Unnamed: 0,Postal Code,Borough,Neighborhood
0,M1A,Not assigned,
1,M2A,Not assigned,
2,M3A,North York,Parkwoods
3,M4A,North York,Victoria Village
4,M5A,Downtown Toronto,"Regent Park, Harbourfront"


# Data Cleaning

## remove borough that are not assigned

In [5]:

toronto_df = toronto_df[toronto_df['Borough'] != 'Not assigned']
toronto_df.head()

Unnamed: 0,Postal Code,Borough,Neighborhood
2,M3A,North York,Parkwoods
3,M4A,North York,Victoria Village
4,M5A,Downtown Toronto,"Regent Park, Harbourfront"
5,M6A,North York,"Lawrence Manor, Lawrence Heights"
6,M7A,Downtown Toronto,"Queen's Park, Ontario Provincial Government"

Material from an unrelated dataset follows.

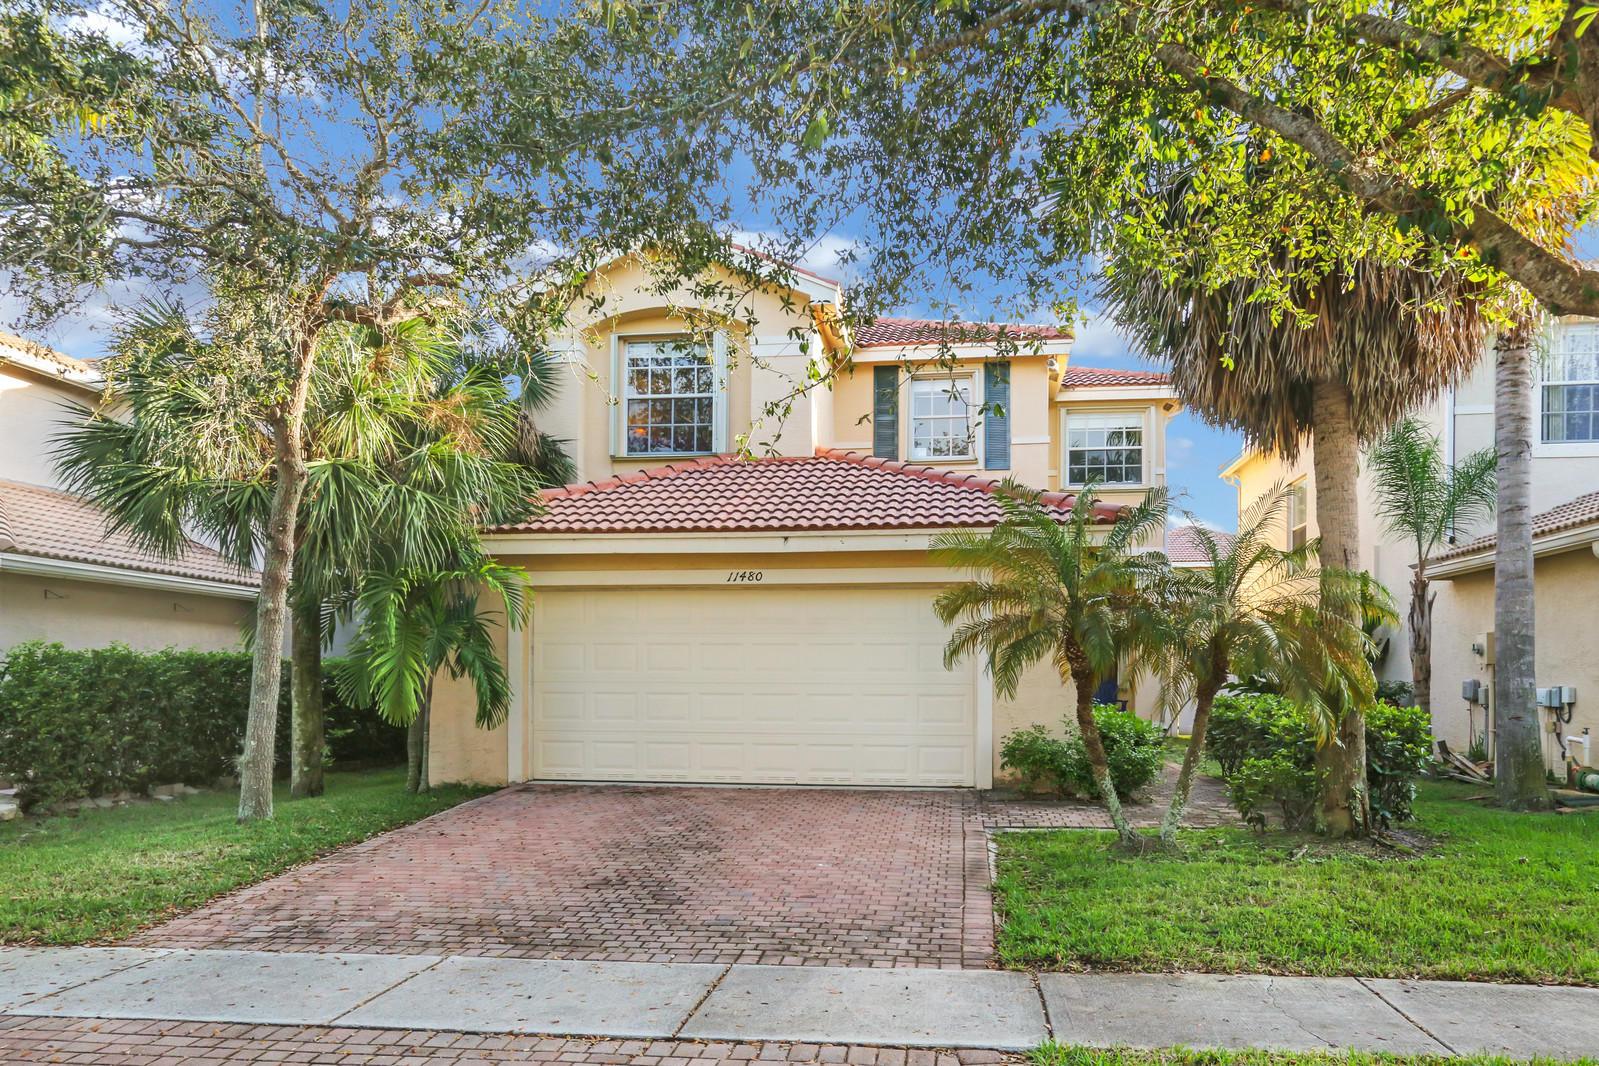 Photo of 11480 Blue Violet Lane, Royal Palm Beach, FL 33411

## More than one neighborhood can exist in one postal code area.

In [11]:

toronto_df["Neighborhood"] = toronto_df.groupby("Postal Code")["Neighborhood"].transform(lambda neigh: ', '.join(neigh))

#remove duplicates
toronto_df = toronto_df.drop_duplicates()

toronto_df.head()

Unnamed: 0,Postal Code,Borough,Neighborhood
2,M3A,North York,Parkwoods
3,M4A,North York,Victoria Village
4,M5A,Downtown Toronto,"Regent Park, Harbourfront"
5,M6A,North York,"Lawrence Manor, Lawrence Heights"
6,M7A,Downtown Toronto,"Queen's Park, Ontario Provincial Government"


In [14]:
if(toronto_df.index.name != 'Postal Code'):
    toronto_df = toronto_df.set_index('Postal Code')

toronto_df.head()

Unnamed: 0_level_0,Borough,Neighborhood
Postal Code,Unnamed: 1_level_1,Unnamed: 2_level_1
M3A,North York,Parkwoods
M4A,North York,Victoria Village
M5A,Downtown Toronto,"Regent Park, Harbourfront"
M6A,North York,"Lawrence Manor, Lawrence Heights"
M7A,Downtown Toronto,"Queen's Park, Ontario Provincial Government"


## If a cell has a borough but a Not assigned neighborhood, then the neighborhood will be the same as the borough.

In [15]:
toronto_df['Neighborhood'].replace("Not assigned", toronto_df["Borough"], inplace= True)
toronto_df.head()

Unnamed: 0_level_0,Borough,Neighborhood
Postal Code,Unnamed: 1_level_1,Unnamed: 2_level_1
M3A,North York,Parkwoods
M4A,North York,Victoria Village
M5A,Downtown Toronto,"Regent Park, Harbourfront"
M6A,North York,"Lawrence Manor, Lawrence Heights"
M7A,Downtown Toronto,"Queen's Park, Ontario Provincial Government"


## In the last cell of your notebook, use the .shape method to print the number of rows of your dataframe.

In [16]:
toronto_df.shape

(103, 2)